### Recorded information:
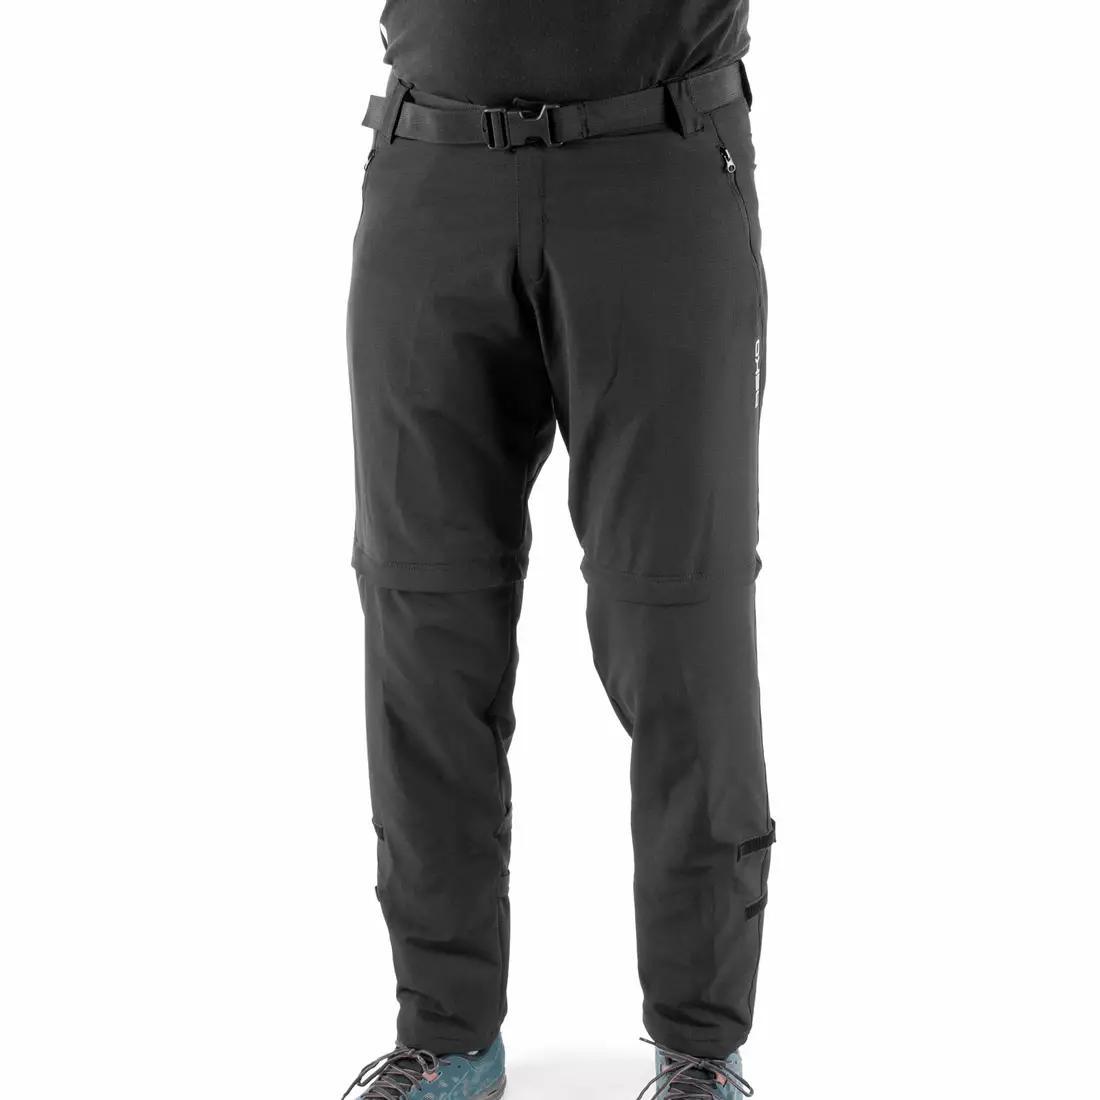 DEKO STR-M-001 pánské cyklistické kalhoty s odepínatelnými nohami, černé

---

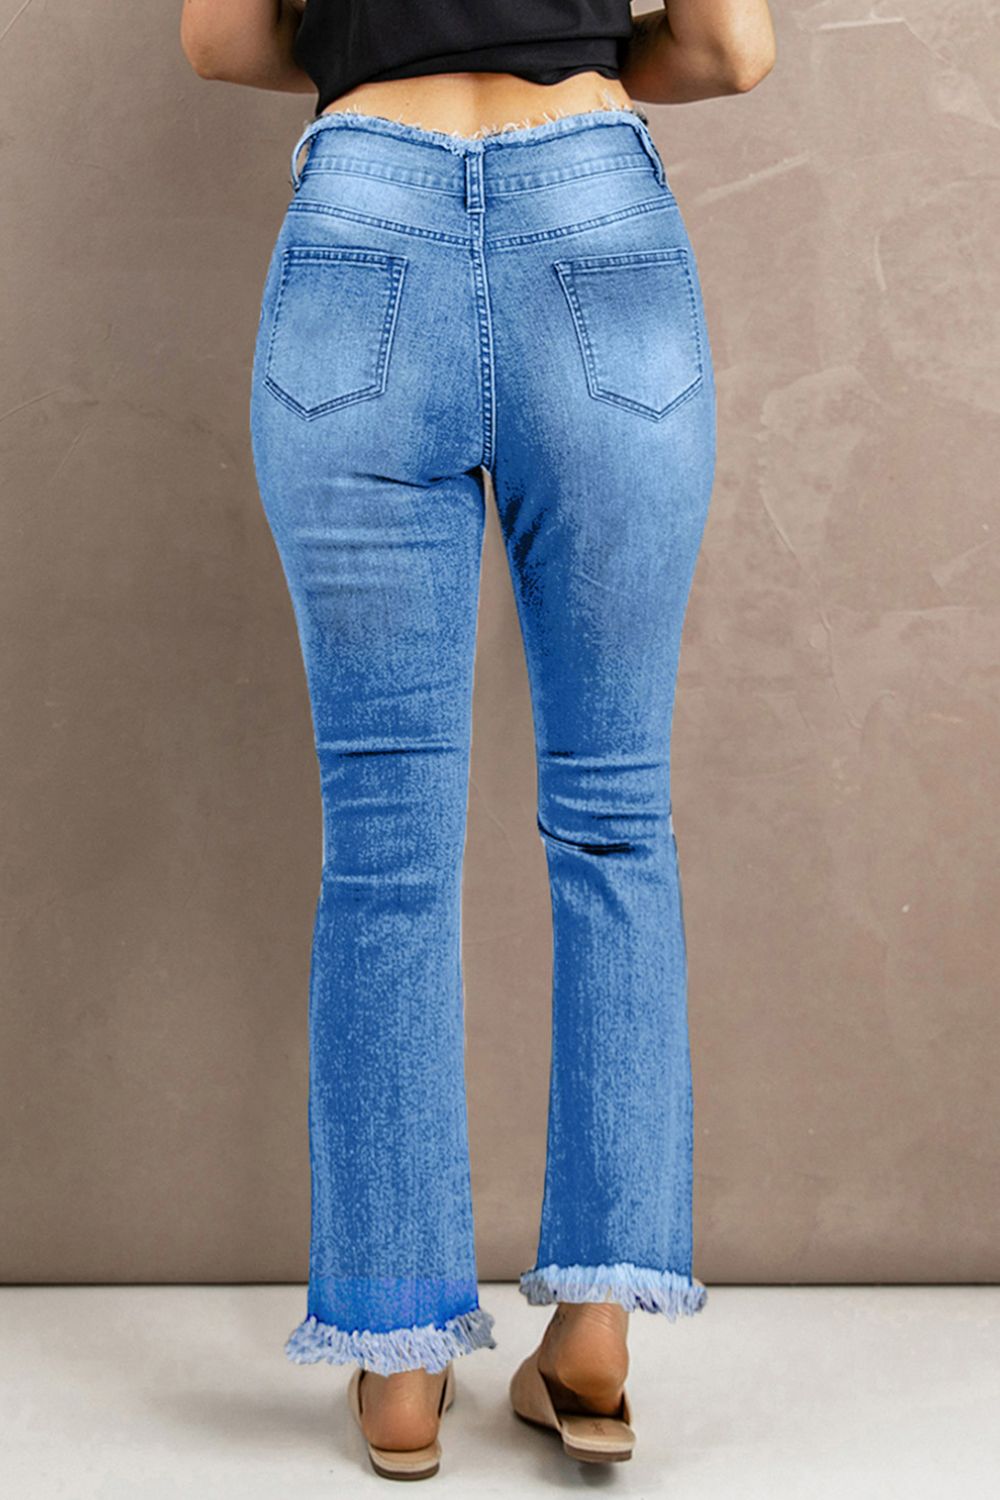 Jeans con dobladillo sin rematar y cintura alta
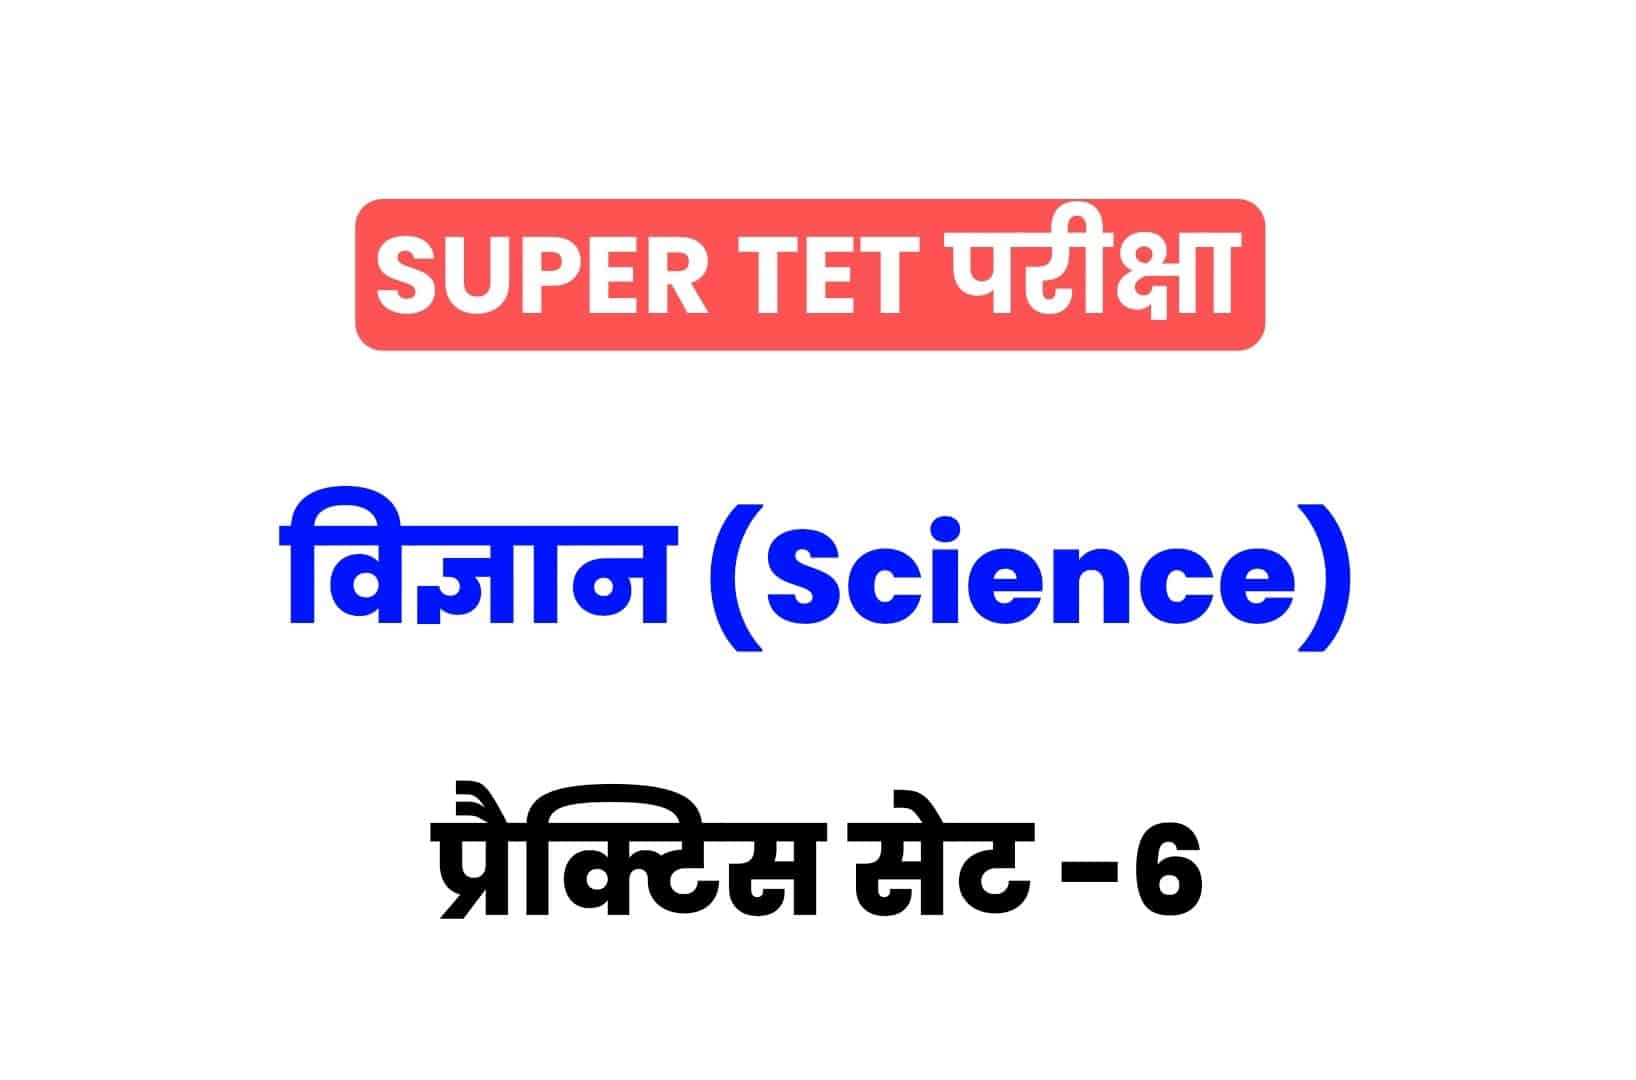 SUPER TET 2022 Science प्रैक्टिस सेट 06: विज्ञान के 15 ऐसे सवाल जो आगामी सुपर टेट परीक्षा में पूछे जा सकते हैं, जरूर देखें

### Task goal:
In the records above, find the line with "Jeans con dobladillo". Print exactly from there through the line with "SUPER TET 2022", minus the pictures.

### Answer to the exercise:
 Jeans con dobladillo sin rematar y cintura alta
 SUPER TET 2022 Science प्रैक्टिस सेट 06: विज्ञान के 15 ऐसे सवाल जो आगामी सुपर टेट परीक्षा में पूछे जा सकते हैं, जरूर देखें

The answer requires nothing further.